Resampling to ensure the base points \(\{y_j\}\) are roughly evenly-spaced according to arclength helps to mitigate this problem, by inserting new sample \(y\)’s next to any \(y_j\) that gets “too far” away from the rest. Thus \(U\) doesn’t “blow up” so much at particular \(y_j\) points, and is rather slightly more uniform in \(y\).

In conjunction with the constraint terms we will discuss in a moment, this resampling gives relatively-nice “evenness” in the curve evolution.

A word on Spline Parametrization

Computing \(\mathscr C\) requires evaluation of higher-order derivatives. Rather than using higher-order finite-difference schemes, we elected to first smooth the curve points \(\{y_j\}\) via spline-fitting and then evaluate the derivatives of these splines. This was done so as to also facilitate our arclength reparametrization algorithm. In particular, we chose to use B-splines, as we now describe.

B-Splines

Let us begin with some preliminaries. We define the family of (scalar) splines of order \(k+1\) on knots \(t_1 < t_2 < \cdots < t_{N}\) as:

The colleciton of piecewise functions of the form \[ S(t) = \begin{cases} P_1 & t \in [t_1, t_2] \\ P_2 & t \in [t_2, t_3] \\ \vdots & \\ P_{N-1} & t \in [t_{N-1}, t_N], \end{cases}\] where each \(P_j\) is a polynomial of degree \(k\), and overall \(S \in C^{k-1}(X; \mathbb R)\).

Abbreviating the collection of knots as \(T\), we shall denote this family by \(\mathrm{Spl}_{k+1}(T; \mathbb R)\). Note that since trivially each \(P_j \in C^{k-1}((t_j, t_{j+1}); \mathbb R)\), the overall \(C^{k-1}\) requirement on elements of \(\mathrm{Spl}_{k+1}(T; \mathbb R)\) can be stated equivalently as: For all \(\alpha = 1, \ldots, k-1\) and \(j = 1, \ldots, N-2\) one has \[\frac{d^\alpha P_j}{dt^\alpha} \bigg\vert_{t=t_{j+1}} = \frac{d^\alpha P_{j+1}}{dt^\alpha} \bigg\vert_{t=t_{j+1}}.\]

Next, to define vector-valued splines \(\mathrm{Spl}_{k+1}(T; \mathbb R^{d})\), we can simply require that for each \(i = 1, \ldots, d\), the component function \(S^{(i)} \in \mathrm{Spl}_{k+1}(T; \mathbb R)\). Note that in this way \(\mathrm{Spl}_{k+1}(T; \mathbb R^d)\) trivially inherits vector arithmetic from \(\mathbb R^d\). Viewed from this perspective, a B-spline of order \(k+1\) on \(T\) will be a particular choice of basis for \(\mathrm{Spl}_{k+1}(T; \mathbb R^d)\). This basis will be chosen in a way that yields a fast algorithm for computing an element of \(\mathrm{Spl}_{k+1}(T; \mathbb R^d)\) that interpolates a given sequence of points \(\{y_1, \ldots, y_N\}\).

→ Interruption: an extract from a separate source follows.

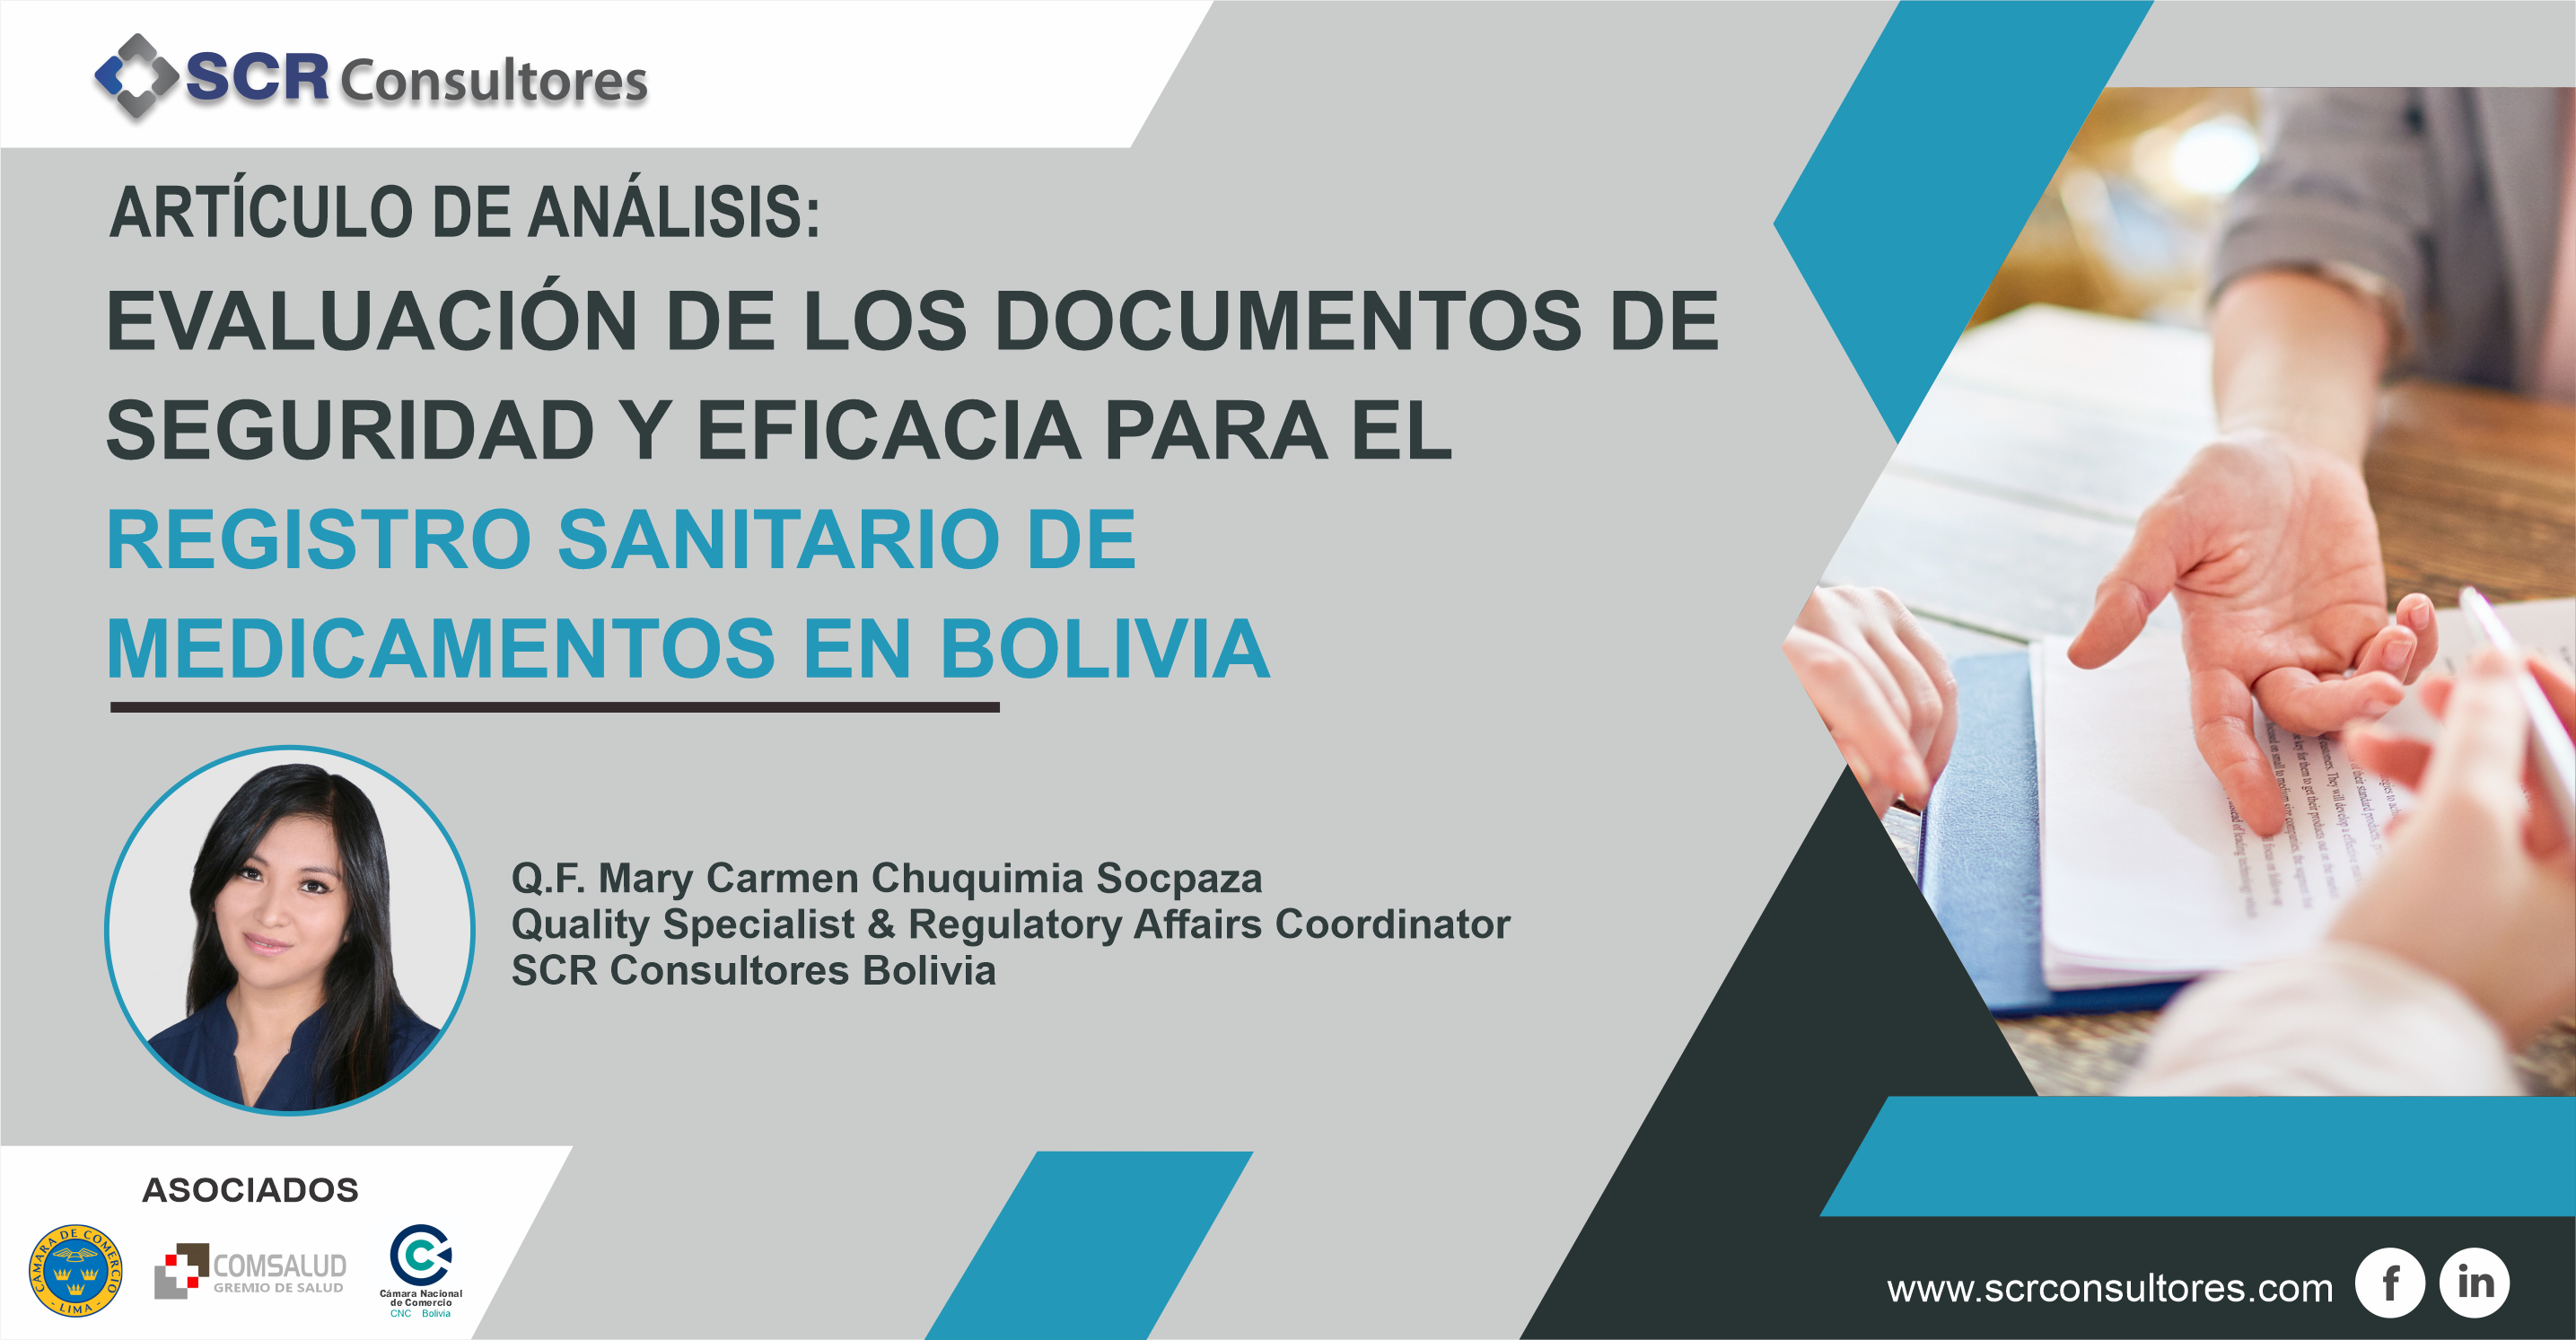 El proceso de evaluación y emisión del Registro Sanitario de Medicamentos en Bolivia, es responsabilidad de la Agencia Estatal de Medicamentos y Tecnología en Salud del Ministerio de Salud y Deportes, a través del Departamento de Autorización de Comercialización específicamente por el Área de evaluación de Medicamentos y la Comisión Farmacológica Nacional, como órgano técnico asesor en evaluación de Eficacia y Seguridad, misma que tiene como finalidad principal la de seleccionar farmacológicamente los medicamentos que podrán ser comercializados en el país, evaluar sus indicaciones y contraindicaciones bajo criterios técnicos y científicos, con el objeto de garantizar la eficacia de los mismos y su uso racional por la población, dicho proceso se fundamenta inevitablemente y de forma obligatoria en las Normas internacionales y Nacional establecidas para Ensayos clínicos, en concordancia con el avance continuo de la Medicina Basada en Evidencias.

The construction is recursive; to simplify some of the casework at the endpoints, we shall for now append \(k\) “auxiliary” knots that have no important meaning on either side of \(T\), i.e. \[T = \cdots < t_{-1} < t_0 < t_1 < \cdots < t_{k-1} < t_k < t_{k+1} \cdots.\] With this we first consider the \(k=0\) case, and will then define the \(k=i+1^{\rm st}\) basis via a recursive formula in terms of elements of the \(k=i^{\rm th}\) basis. Again, for the time being we will simply consider the scalar spline case, as the vector-valued case is no more complicated.

(Base case: \(k=0\))

Since in the \(k=0\) case our regularity requirement degenerates to “\(S \in C^{-1}\)” (whatever that means), we may simply define the basis functions \(B_{j,0}\) to be the characteristic functions \[ B_{j,0}(t) = \chi_{[t_j, t_{j+1})}, \] In this case it’s easy to construct the interpolating “spline” — one simply has the piecewise-constant function \[ S(t) = \sum_{j=1}^{N} y_j B_{j,0}(t). \]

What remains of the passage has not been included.